陕南移民搬迁背景下农户生计资本的现状与影响因素分析

2014-01-23 03:31聪,柳玮,黄
当代经济科学 2014年6期
关键词:搬迁户生计移民

李 聪,柳 玮,黄 谦

(1.西安交通大学经济与金融学院,陕西西安710061;2.斯坦福大学生物系保护生物学中心和自然资本项目,斯坦福美国加利福尼亚州94305;3.西安交通大学公共政策与管理学院人口与发展研究所,陕西西安710049;4.西安体育学院,陕西西安710068)

一、研究背景

陕南移民搬迁工程作为新中国历史上最大规模的移民搬迁工程,备受世人瞩目。该项目从2011年起,计划用10年的时间对居住在陕南地区灾害多发、生态退化和连片贫困地带的240万人口实施搬迁。不同于三峡、小浪底等水库移民的政策强制性,陕南移民搬迁工程更强调农户的自愿参与。这在一定程度上避免了农户陷入Cernea所描述的搬迁窘境[1],但如此庞大的移民规模和生存环境的巨变,势必给农户带来深远影响。加上受制于资金、土地等客观约束,部分搬迁农户仍有可能陷入新的困境。在新的环境中农户的生产生活现状如何?作为一个集避灾、生态和扶贫于一体的多目标综合民生政策,利益相关者的福利是其关注的出发点和落脚点。

移民政策对农户的影响,建立在农户生计决策基础上。生计资本则是这一家庭决策的基础,也有学者将其视为家庭的可行能力[2]。在西部连片集中贫困区,家庭生计资产的配置与转换上的有限性是长期制约农户脱贫的主要因素。因此,陕南移民搬迁能否从根本上突破这一瓶颈,并在新的环境中助力家庭自我发展能力的形成,从而彻底的跳出贫困陷阱,生计资本的考量是关键。

本研究从微观视角出发,在农户家庭层面上探索陕南移民搬迁背景下移民搬迁农户农户的生计资本现状及影响因素。在借鉴“可持续生计框架”基础上,从代表农户自我发展能力的生计资本出发,将农户不同资本进行整合和量化,主要解决两个问题:第一,对比搬迁农户与非搬迁农户于生计资本的差异;第二,分析生计资本的影响因素,探索搬迁及不同的安置方式下农户生计资本变化的总体态势。

二、相关理论与实证研究综述

“可持续生计”概念的提出和发展将人们研究贫困问题的角度引到微观层面,并将导致贫困的复杂原因进行深入挖掘和系统整理[3]。
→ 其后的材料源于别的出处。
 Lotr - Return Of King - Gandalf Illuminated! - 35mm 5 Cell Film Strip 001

根据“生计资本”的相关理论,农户家庭所拥有的资源与禀赋可以划归为五类生计资本的范畴:自然资本(通常为自然资源,用于生产不同产品,如土地、水和生态系统服务);金融资本(可用于家庭生产与消费的现金及可获得的借贷);物质资本(除自然资源以外用于生产的物质,如周边基础设施、家中的生产工具、耐用品等);人力资本(家中的劳动力和健康状况,以及家庭用以谋生的知识、技能等)和社会资本(为家庭实施各种生计策略的社会资源,包括社交关系、网络等)[4]。由于农户的贫困归因于家庭生计资本的匮乏与不可获得,使得这五大生计资本不单是构建家庭生计策略的基础,更是一种对抗贫困的可行能力[2]。在不同的脆弱性背景下,农户遭受外部冲击所表现出来的抗逆力,以及福利水平变化,一方面取决于农户自身所有的内生资本水平,另一方面也取决于冲击之后农户外生资本的变化程度,基于资本的可转换属性之上的资源配置方式,构成了农户的生计资本。
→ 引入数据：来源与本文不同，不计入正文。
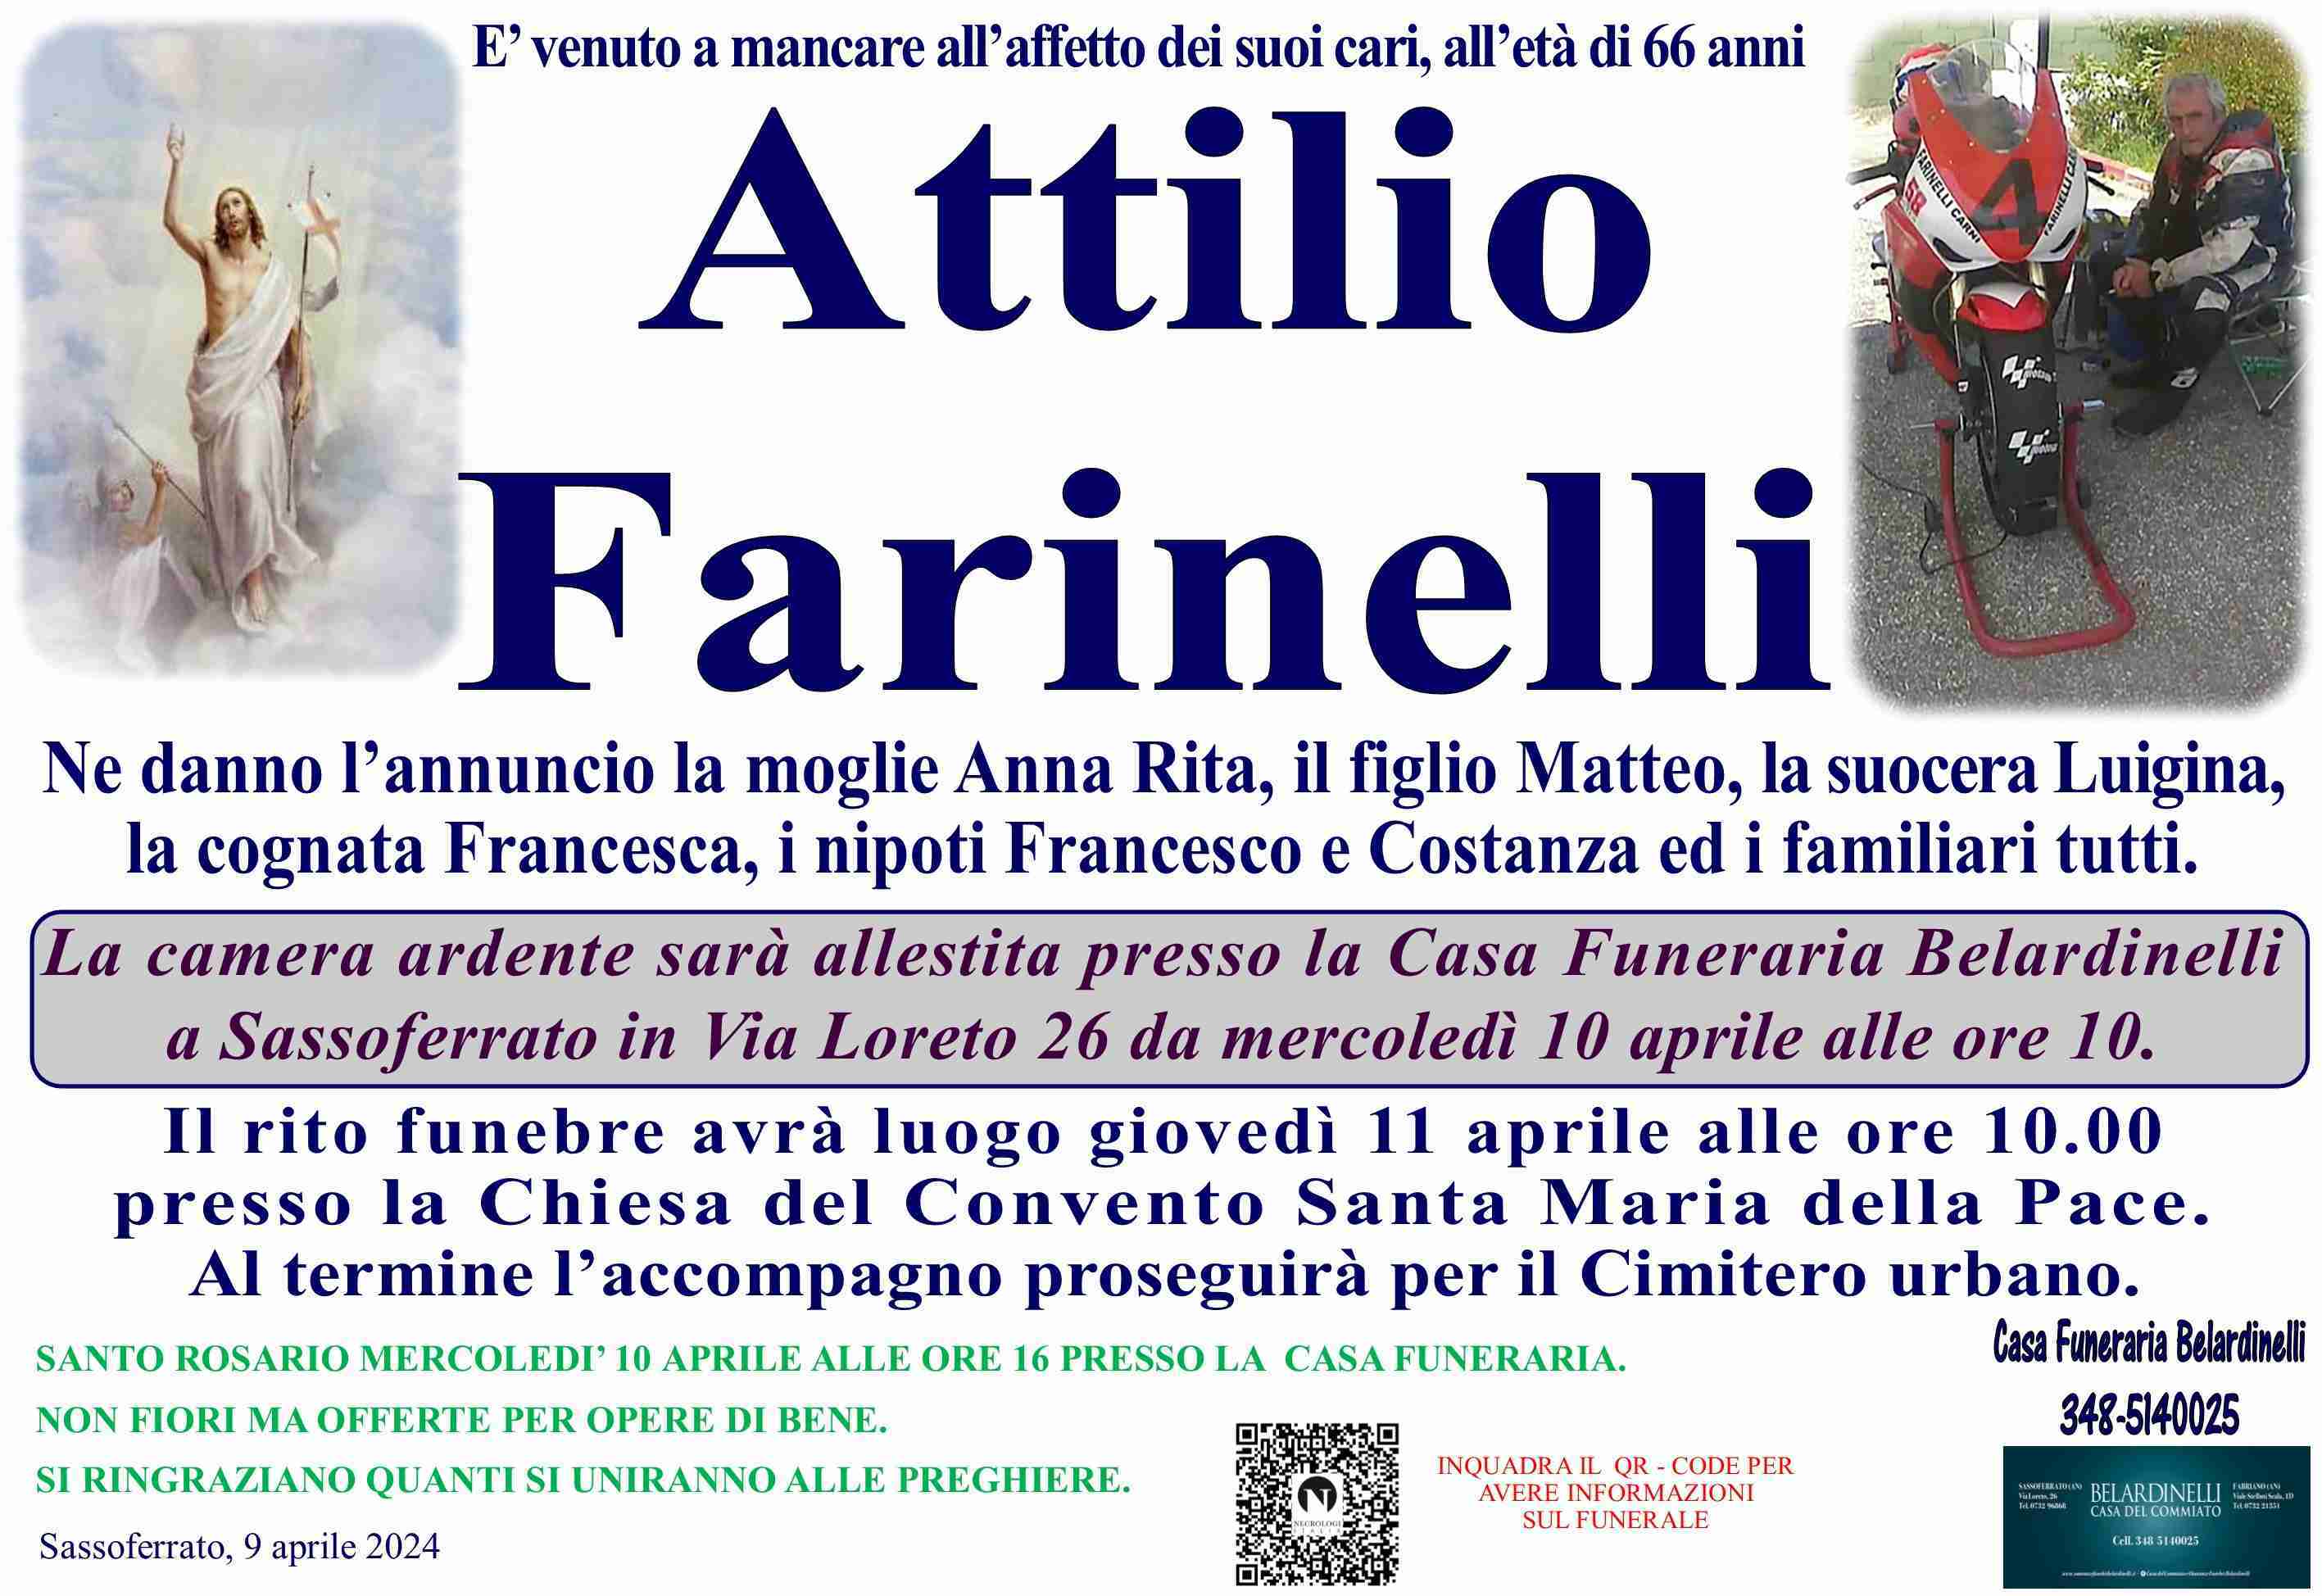 Attilio Farinelli

近十年来,国内学者对可持续生计的应用方面进行了大量有益探索与创新发展:李小云等人最先对可持续生计途径进行梳理,并在中国背景下用于实证分析贫困农户生计脆弱性[3],这一研究让我们对可持续生计框架有了直观的理解,之后,可持续生计框架的分析工具属性得到不断发展,学者们从城乡劳动力迁移、生态补偿政策、大型水库移民、乡村旅游发展等[5-9]不同角度切入,对可持续生计框架在不同背景下的应用进行改进和创新。这些研究从实证角度出发,为进一步发展和丰富可持续生计奠定了基础。
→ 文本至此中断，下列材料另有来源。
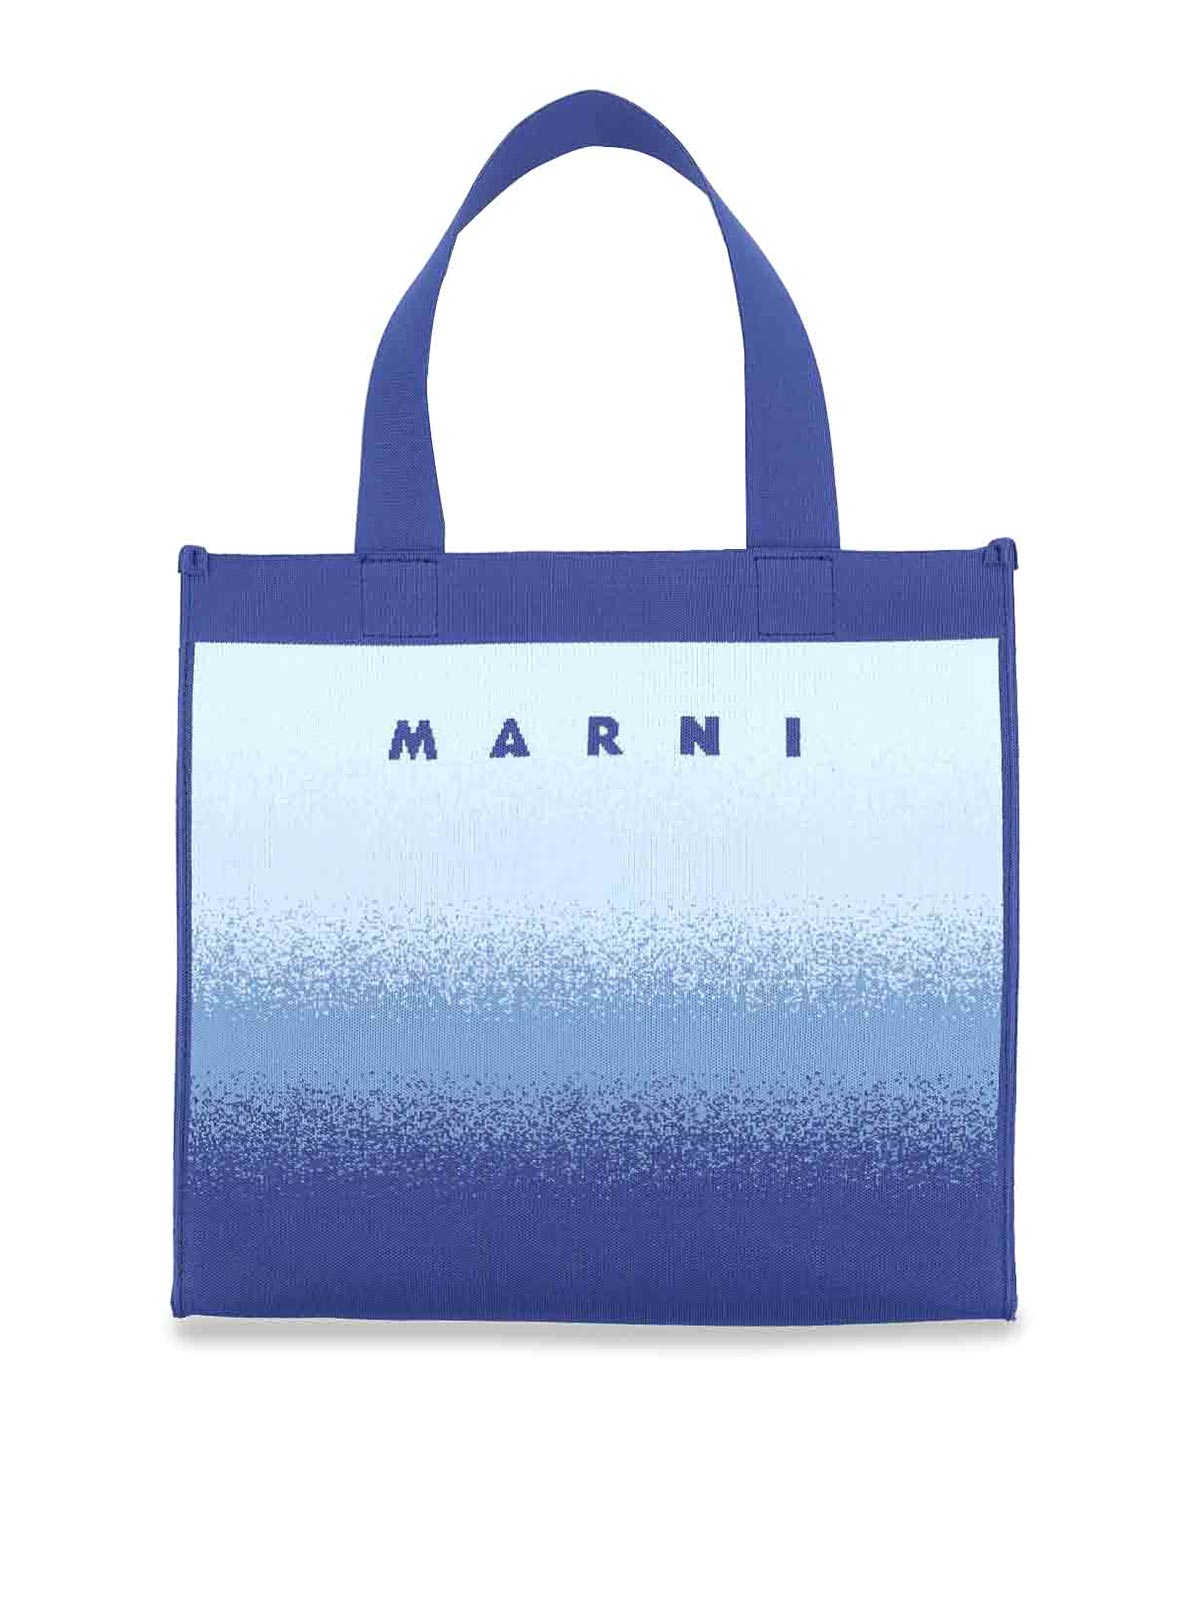 Marni Logo Tote Bag In Blue

此外,学者们针对水库、生态等工程类移民生计的研究也取得了丰富成果。通过运用定性与定量手段,从贫困、移民经济学和安置模式等角度进行了广泛的研究,从最初的政策探讨逐步过渡到实证分析,以求多角度深入关注移民的生计变化,并提出可操作性的建议来促进可持续发展。一方面,这类非自愿移民具有很强的政策性和强制性,势必给农户家庭的生计资产带来冲击,研究者普遍认为自然资本的损失首当其冲[7],这也是农户生计模式被迫转型的直接诱因,在这一转换过程中,人力资本的失灵常常成为资源配置的最大制肘[6]。但另一方面,政府的支持和自身潜力的激发也可能为农户带来资本建设的机会并在一定程度上缓解资本的限制[9]。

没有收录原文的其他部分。